These days, technology is scaling newer heights of success at an unbelievably fast pace. Among the latest triumphs in this direction is the evolution of the Blockchain technology. The brand new technology has greatly influenced the finance sector. Actually, it had been initially developed for Bitcoin – the digital currency. But now, it finds its application in several other things as well.
Coming across this far was probably easy. But, one is yet to learn what is Blockchain?
A distributed database
Imagine an electronic spreadsheet, that is copied umpteen amount of times across a computer network. Now, imagine the computer network is designed so smartly that it regularly updates the spreadsheet alone. This is a broad overview of the Blockchain. technical analysis holds information as a shared database. Moreover, this database gets reconciled continuously.

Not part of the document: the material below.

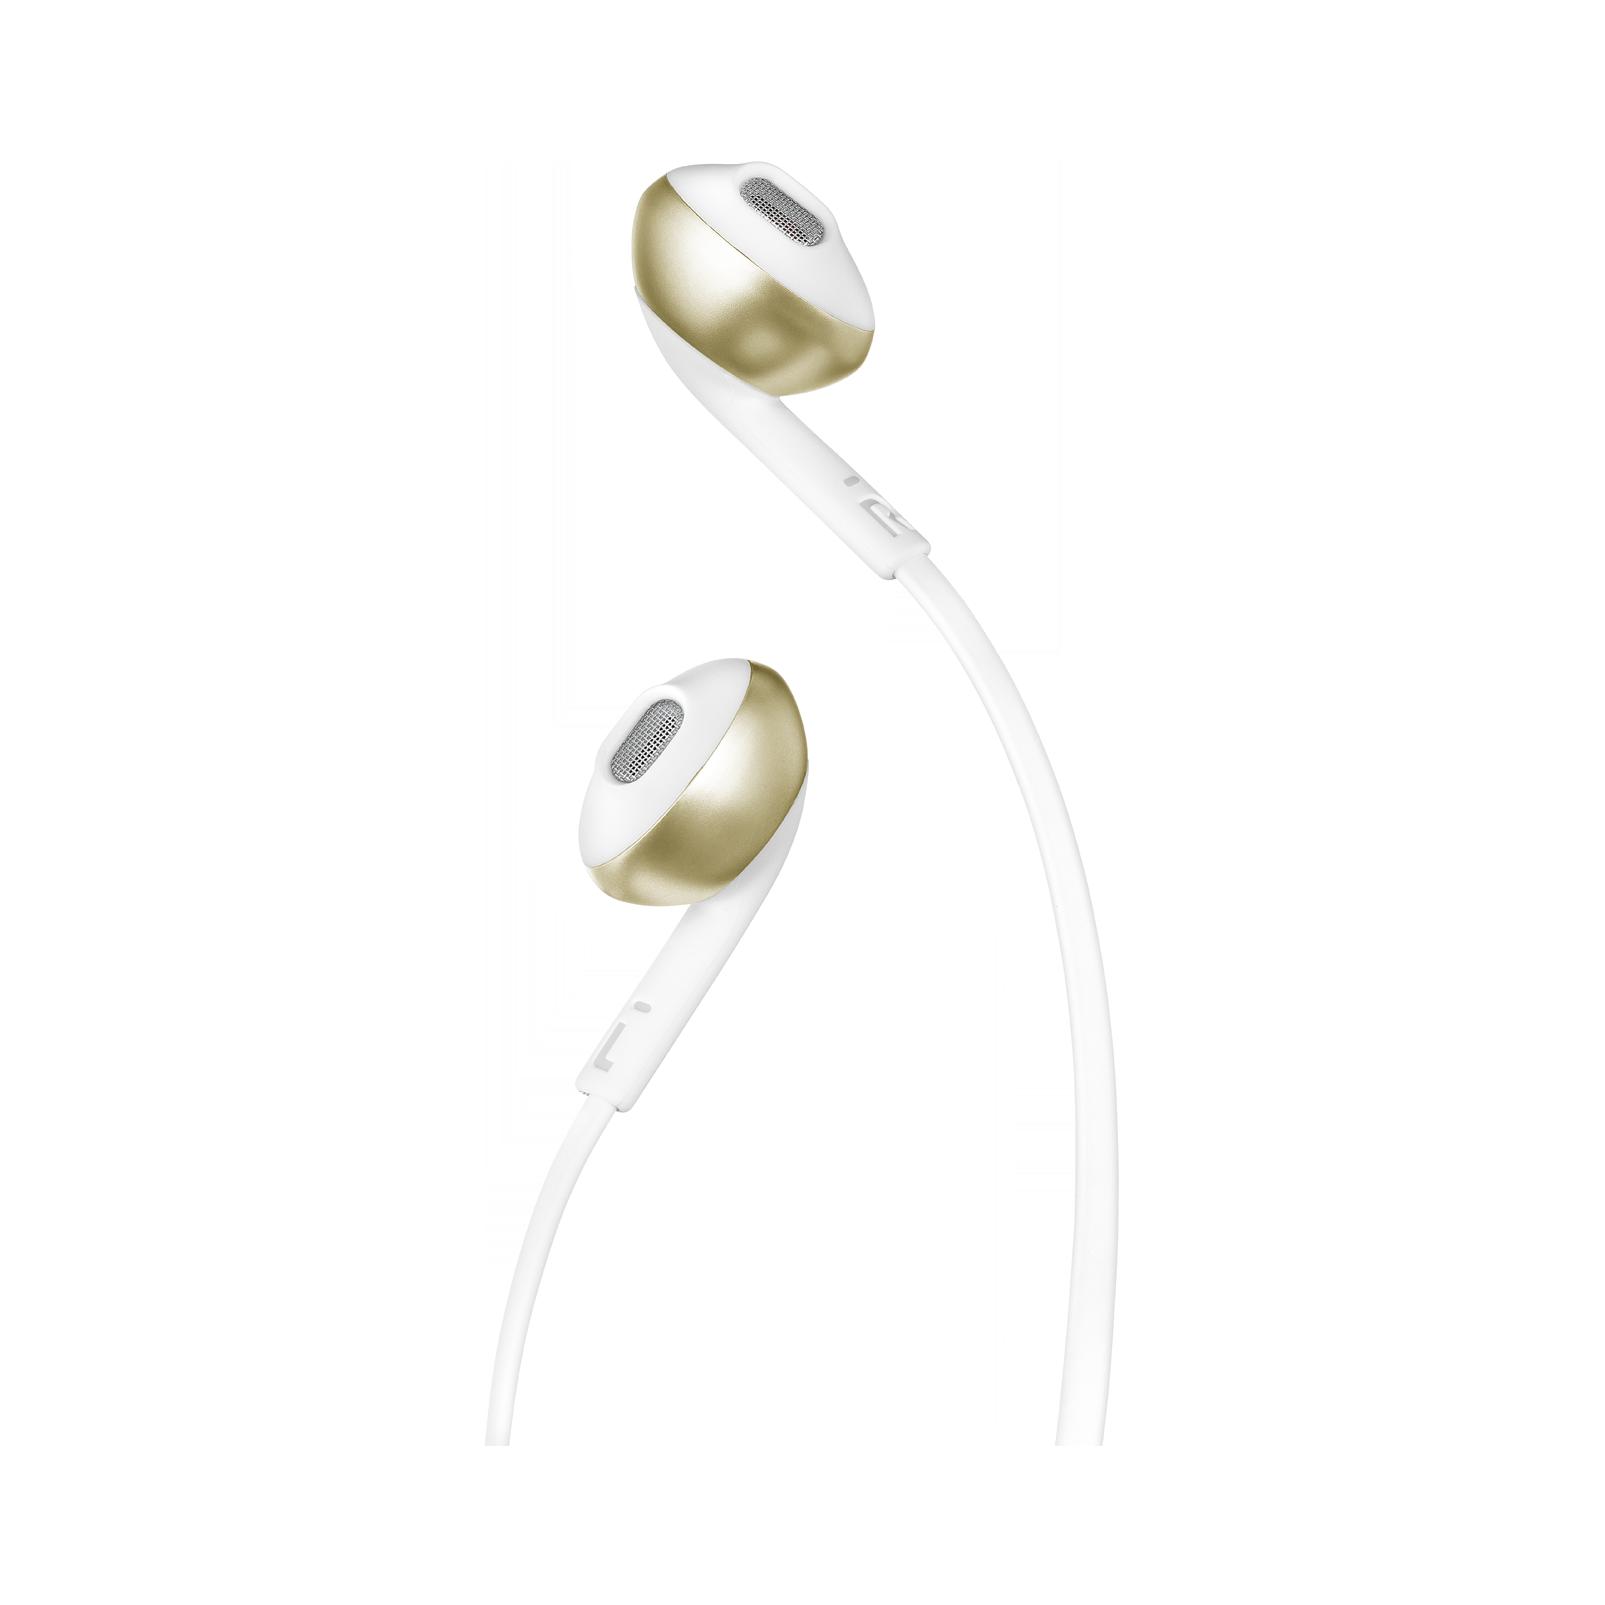 JBL TUNE 205 - Champagne Gold - Earbud headphones - Detailshot 1

This approach has its own benefits. It does not allow the database to be stored at any single location. The records in it possess genuine public attribute and can be verified quickly. As there is no centralised version of the records, unauthorised users haven’t any methods to manipulate with and corrupt the info. The Blockchain distributed database is simultaneously hosted by an incredible number of computers, making the data easily accessible to almost anyone across the virtual web.
To help make the concept or the technology clearer, it is a good idea to discuss the Google Docs analogy.
Google Docs analogy for Blockchain
After the advent of the eMail, the conventional method of sharing documents would be to send a Microsoft Word doc as attachment to a recipient or recipients. The recipients will take their sweet time to go through it, before they send back the revised copy. In this approach, one needs to wait till receiving the return copy to see the changes made to the document. This happens because the sender is locked from making corrections till the recipient is done with the editing and sends the document back. Contemporary databases do not allow two owners access exactly the same record at the same time. This is one way banks maintain balances of these clients or account-holders.
In contrast to the set practice, Google docs allow both parties to access the same document simultaneously. Moreover, it also allows to view an individual version of the document to both of them simultaneously. As being a shared ledger, the Google Docs also acts as a shared document. The distributed part only becomes relevant when the sharing involves multiple users. The Blockchain technology is, in ways, an extension of this concept. However, it is very important explain here that the Blockchain is not meant to share documents. Rather, it is just an analogy, which can only help to have clear-cut idea about this cutting-edge technology.
Salient Blockchain features
Blockchain stores blocks of information over the network, that are identical. By virtue of the feature:
The data or information can’t be controlled by any single, particular entity.
There can’t be no failure point either.
The data is hold in a public network, which ensures absolute transparency in the entire procedure.
The data stored in it cannot be corrupted.
Demand for Blockchain developers
As stated earlier, Blockchain technology includes a very high application in the world of finance and banking. According to the World Bank, a lot more than US$ 430 billion money transfers were sent through it only in 2015. Thus, Blockchain developers have significant demand on the market.
The Blockchain eliminates the payoff of the middlemen such monetary transactions. It had been the invention of the GUI (Graphical INTERFACE), which facilitated the normal man to access computers in form of desktops. Similarly, the wallet application is the most common GUI for the Blockchain technology. Users make use of the wallet to buy things they want using Bitcoin or any other cryptocurrency.